`calculateMass`: clarify or enhance behaviour for charged formulas

rformassspectrometry / MetaboCoreUtils

Core utilities for metabolomics.

https://rformassspectrometry.github.io/MetaboCoreUtils/index.html

8 stars 6 forks source link

`calculateMass`: clarify or enhance behaviour for charged formulas #59

Open meowcat opened 1 year ago

meowcat commented 1 year ago

Currently calculateMass("[C6H12]+") == calculateMass("C6H12") Strictly, this should be calculateMass("[C6H12]+") == calculateMass("C6H12") - .emass where .emass == 0.0005485799 Questions:

is calculateMass("[C6H12]+") out-of-scope for this function, and should this throw a warning or error?
otherwise, should it give the correct result?
or, should there be an argument calculateMass(x, charge)?

Note: the rcdk equivalent is get.formula(formula, charge)@mass . Notably, get.formula("[C6H6]+") also does not account for the charge (but creates the neutral formula). However here the user can specify the charge manually.

jorainer commented 1 year ago

@michaelwitting

michaelwitting commented 1 year ago

Not out of scope. We can add changes for this. In my opion charged formulas should be supplied exactly in the format you mentioned, e.g. [C6H12]+. Multiple charges would be 2+, 3+ or 2-. @jorainer would that be okay as input?

jorainer commented 1 year ago

IMHO it would be best if calculateMass would identify the charge automatically and return the correct mass.

maybe best to have one function

charge that takes formulas (character) and returns their charges (integer) - (function name might not be ideal though).
maybe another function that strips charges from the formulas (stripCharge)? - and along that line, maybe also one that adds charges to formulas (so that we can ensure that they have the correct format)

happy for a PR :)

michaelwitting commented 1 year ago

I can fiddle around a bit, but what do we want as input?

single string containing everything, e.g. [C6H12]+
two parameters for calculateMass, e.g. calculateMass("C6H12", charge = "1+")

I would prefer the first option

jorainer commented 1 year ago

I would also say the first option (i.e. "[C6H12]+") - ideally also supporting a character vector of several formulas and not just a single one.

michaelwitting commented 1 year ago

The way I think it through now, calculateMass() would in future only accept character and no preparsed lists. Except we put the parsing of charges in the countElements() function

jorainer commented 1 year ago

we also have isotope detection/parsing in there (calculateMass? countElements?), right? maybe would make most sense to do that in the same function?

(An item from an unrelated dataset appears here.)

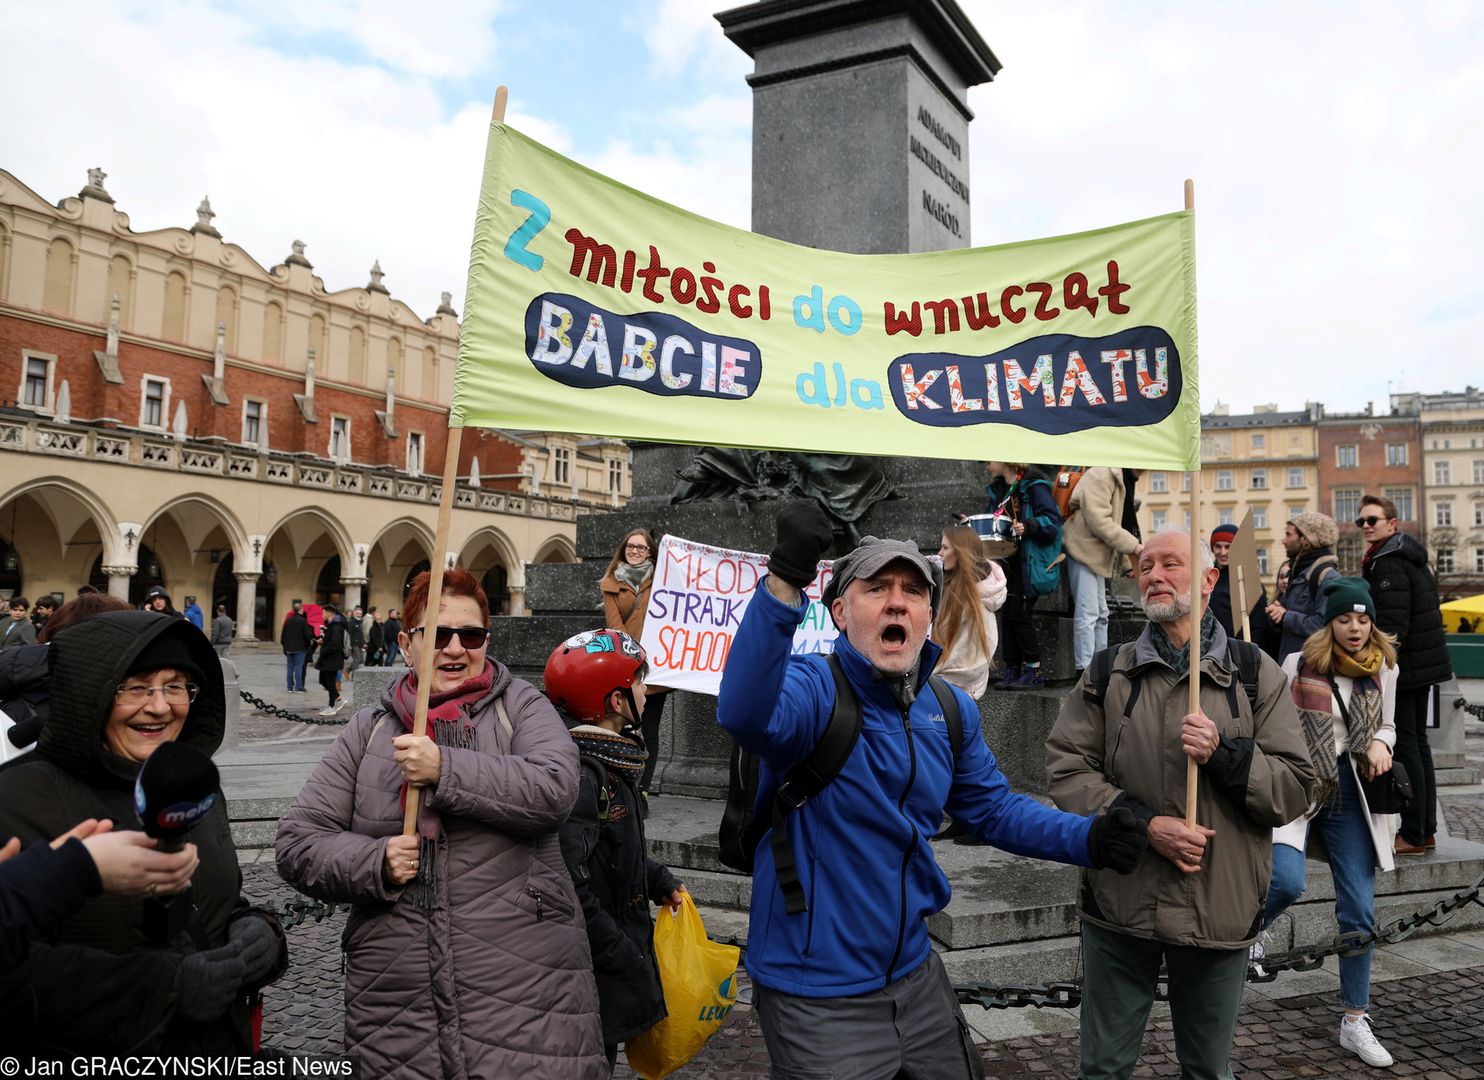 Polskie babcie były już widoczne na protestach klimatycznych. Teraz manifestują w stolicy przeciw nienawiści

jorainer commented 1 year ago

don't know if the previous comment made sense... what I mean: put that into the same function that does already the parsing to avoid needing to parse the input twice (once e.g. counting elements and once getting the charge). but this will also depend a bit how complicated it would be - if it's too difficult or blows up the code we could do it in two separate steps (i.e. a dedicated function that retrieves the charge from a character). maybe it would even be good to just focus first on the latter, to have a clean (separate) implementation to derive the charge from a character so that we can test and then later improve?